THE PROBLEM
Repeat the following data exactly, omitting pictures.

DATASET EXTRACT
----------------
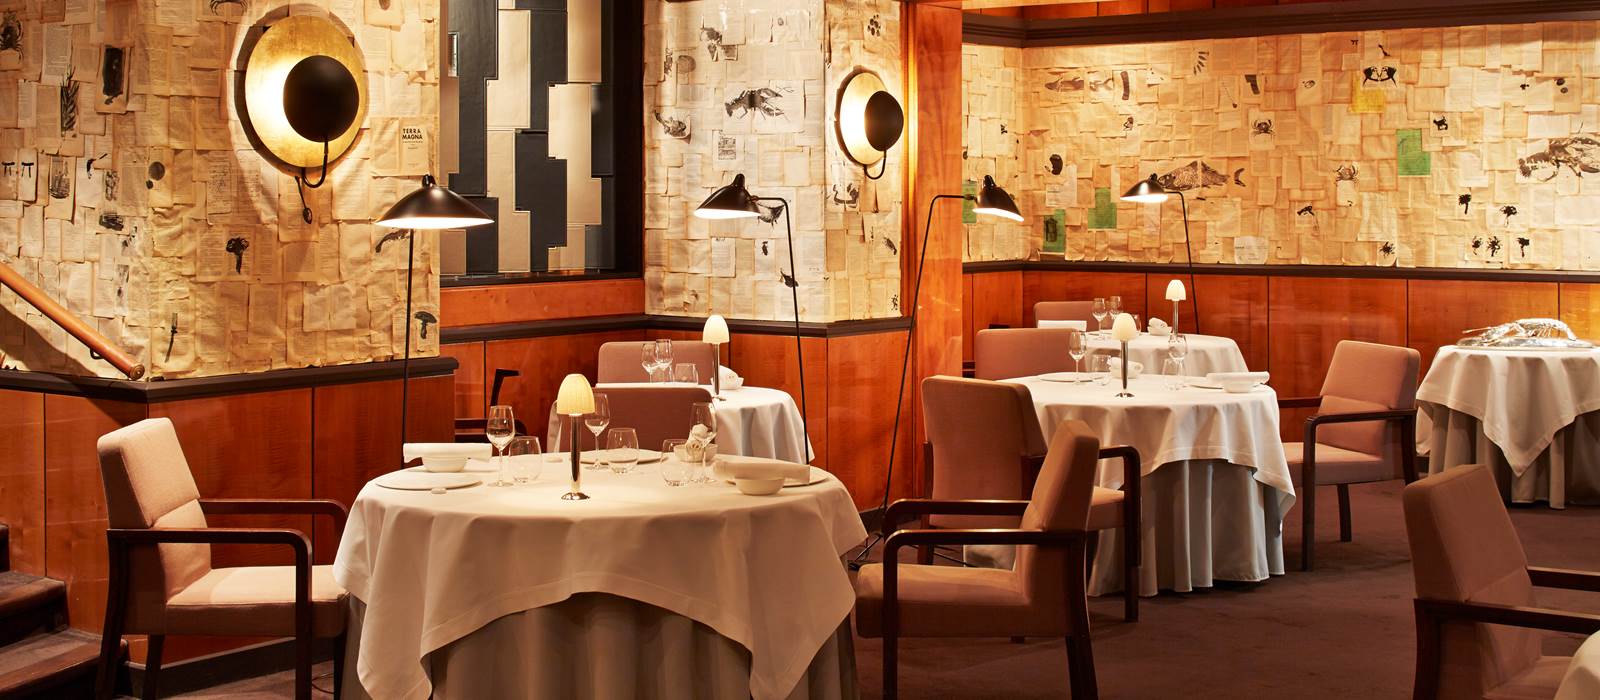 Pierre Gagnaire Restaurant Hotel Balzac Paris
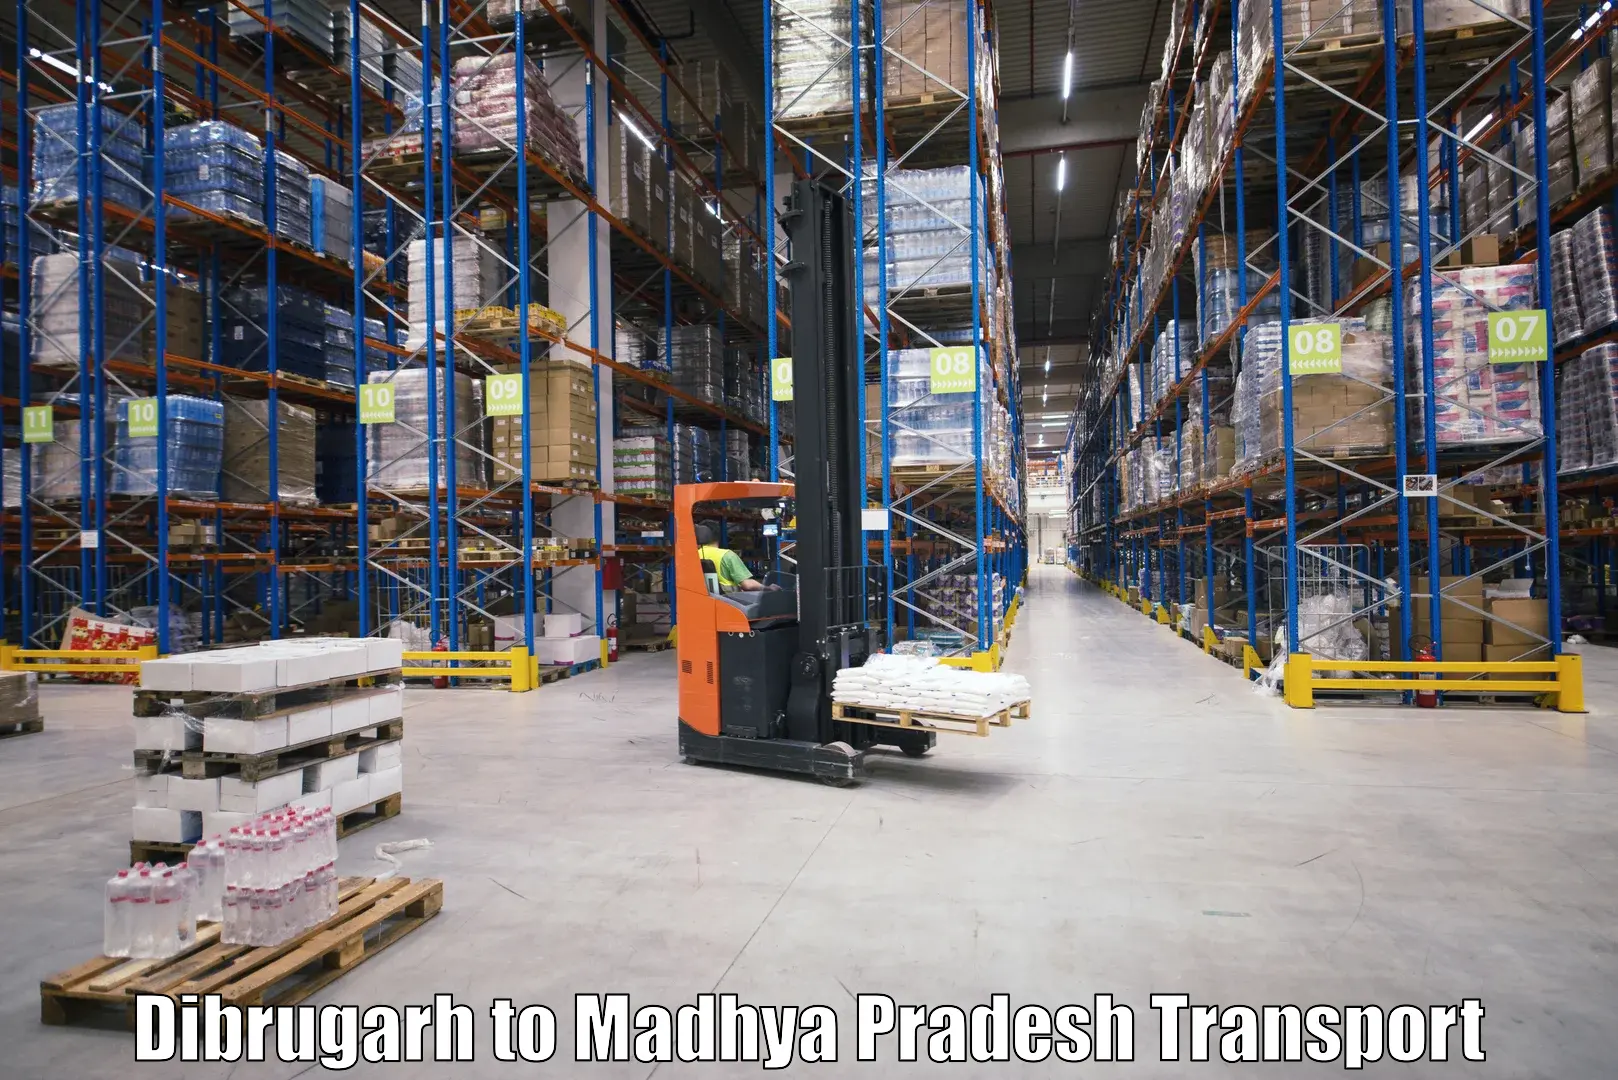 Truck transport companies in India Dibrugarh to Mandsaur
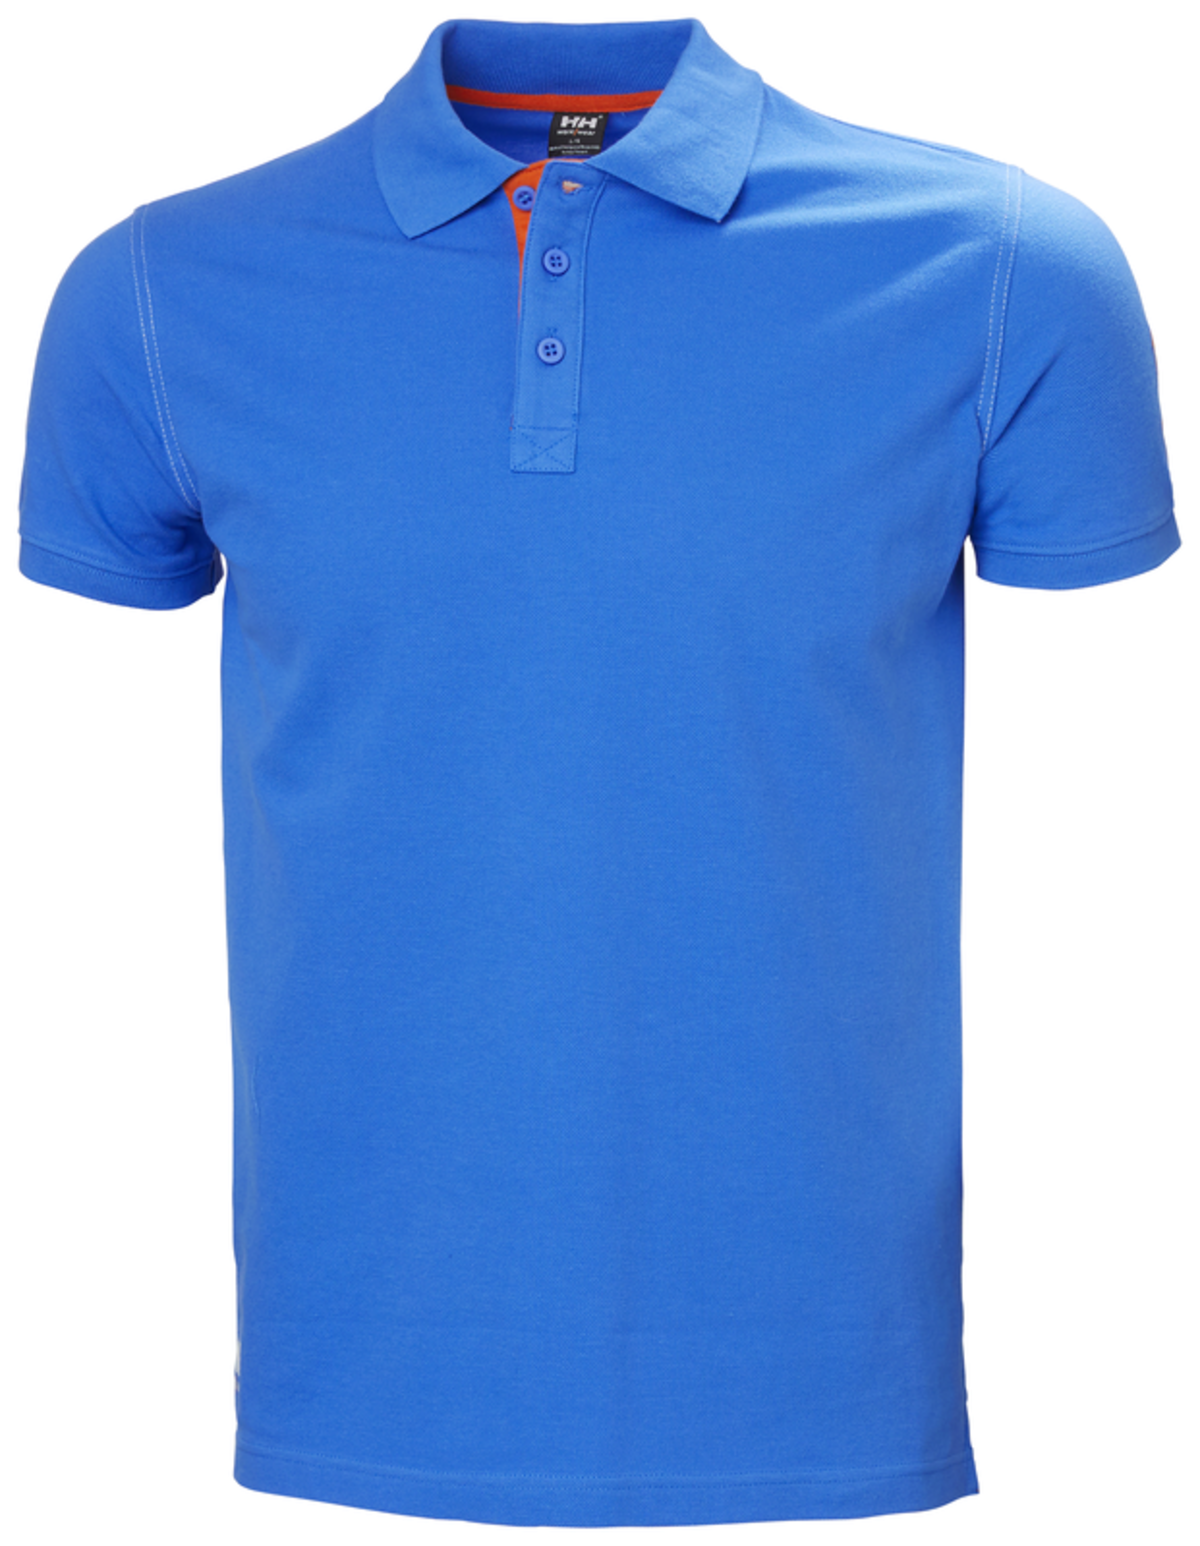 Helly Hansen Oxford Polo - Racer Blue | Order Uniform UK Ltd
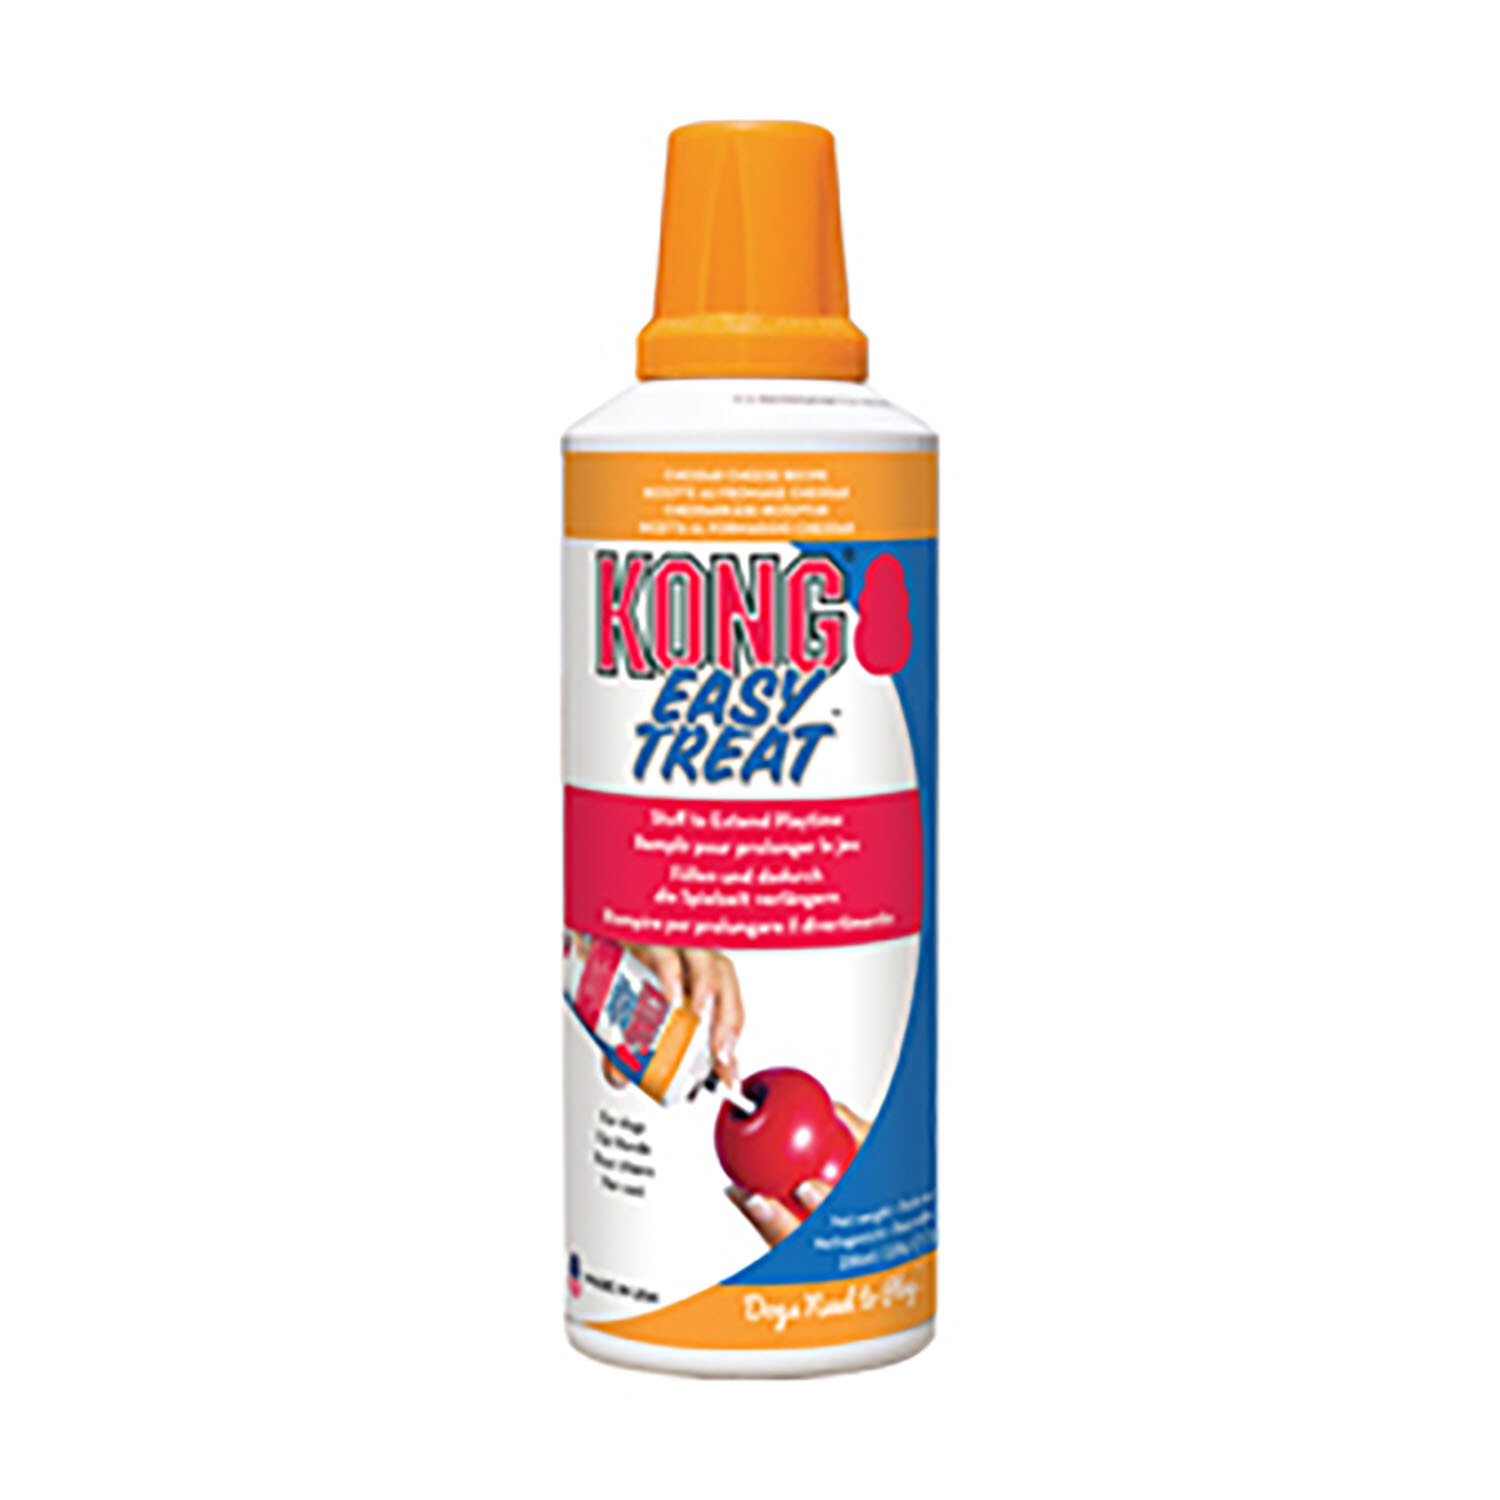 Kong Easy Treat Spray - Cheddar Cheese Image 1
----------------
TASK OUTPUT
 Pierre Gagnaire Restaurant Hotel Balzac Paris
 Truck transport companies in India Dibrugarh to Mandsaur
 Helly Hansen Oxford Polo - Racer Blue | Order Uniform UK Ltd
 Kong Easy Treat Spray - Cheddar Cheese Image 1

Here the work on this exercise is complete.